唇を尖らせてムスッとしたままカノエはポツリと呟く。

「聞かずともわかってる癖に……」

とても小さな声だった。しかし、それをしっかりと聞き取っていたマルコは少しだけ目を丸くすると直ぐに目を細め、何も言わずにくしゃくしゃとカノエの頭を撫でた。

『この人は私の大事な人だ。簡単にお前の好きなようにはさせぬ』

あの時はどちらかと言えば人斬りに近い気勢だった。けれども、カノエの気持ちが強く前面に顔を出していた。そう、ジンでは無く――カノエだった。

「義兄様」
「何だい?」

不満な顔を消して見上げたカノエは、マルコの目をじっを見つめた。
空とも、海とも、また不死鳥の炎ともとれる青い瞳。そこに映るのは、漸く平静さを取り戻したいつもの顔をした自分がいる。

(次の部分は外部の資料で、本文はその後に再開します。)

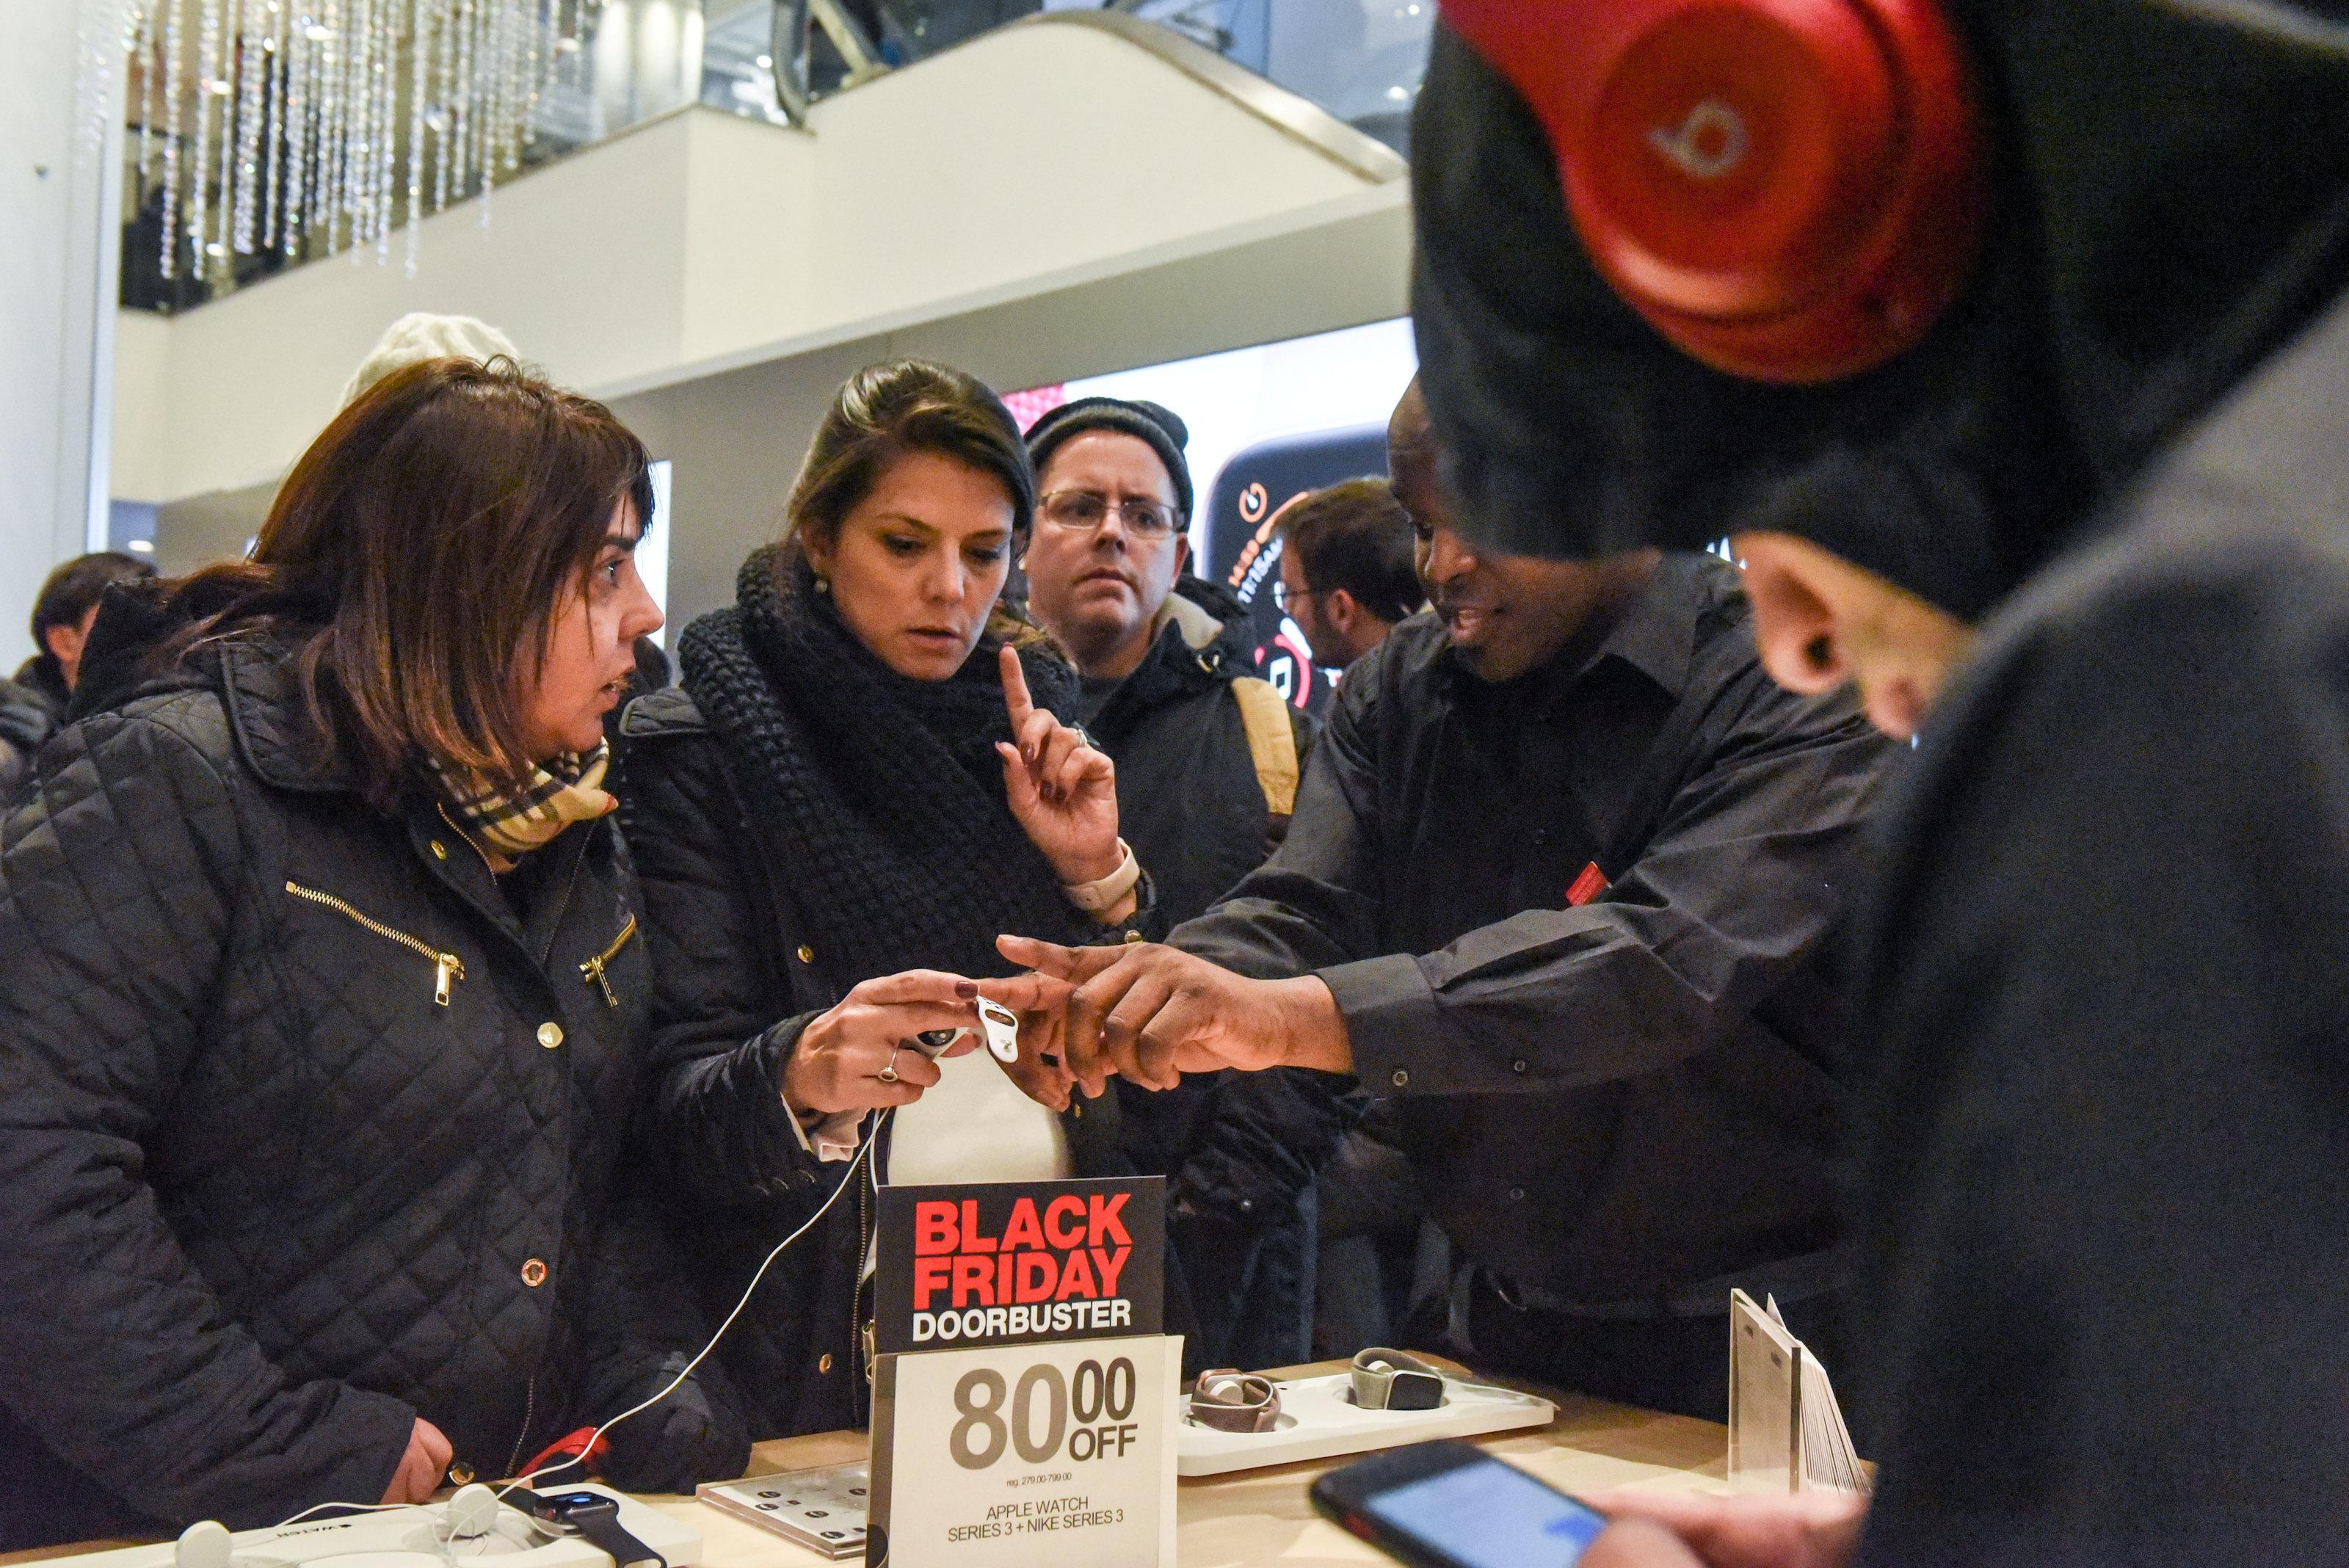 ston-rythmo-tis-black-friday-i-ameriki-fotografies25

幼い頃に切望して恋焦がれた温もりをいつも与えてくれる人。とても大切で何ものにも代え難い。恋しくて愛しい――私の好きな人。
この気持ちは女としての気持ちだけでは無いはずだ。逃げるな。素直になれ。一介の剣士として尊敬する思いの強さと等しく、決して恥じることでは無いではないか。

鼓動がドクンと脈打つ。
自ずと口が開いて言葉を紡いだ。

義妹として、義兄のあなたを。
そして、
女として、男のあなたを。

「いつも、心からお慕いしております」
「!」

真っ直ぐ目を見て想いを告げたカノエは、気持ちがすっきりとして晴れやかな色を顔に浮かべて笑った。
先程まで頑として言えないと口にしていたのはどこの誰だ。まるで狐に摘まれたような気分だ。一瞬だけキョトンとしたマルコは、次第に顔が熱くなるの感じて右手で顔を覆いながら天を仰いだ。

「納得……して頂けました?」
「あー、十分だよい」

大きく溜息を漏らしてガクンと項垂れたマルコは未だに右手で顔を覆っている。しかし、耳や首元が明らかに赤く色付いていることから照れていることがわかる。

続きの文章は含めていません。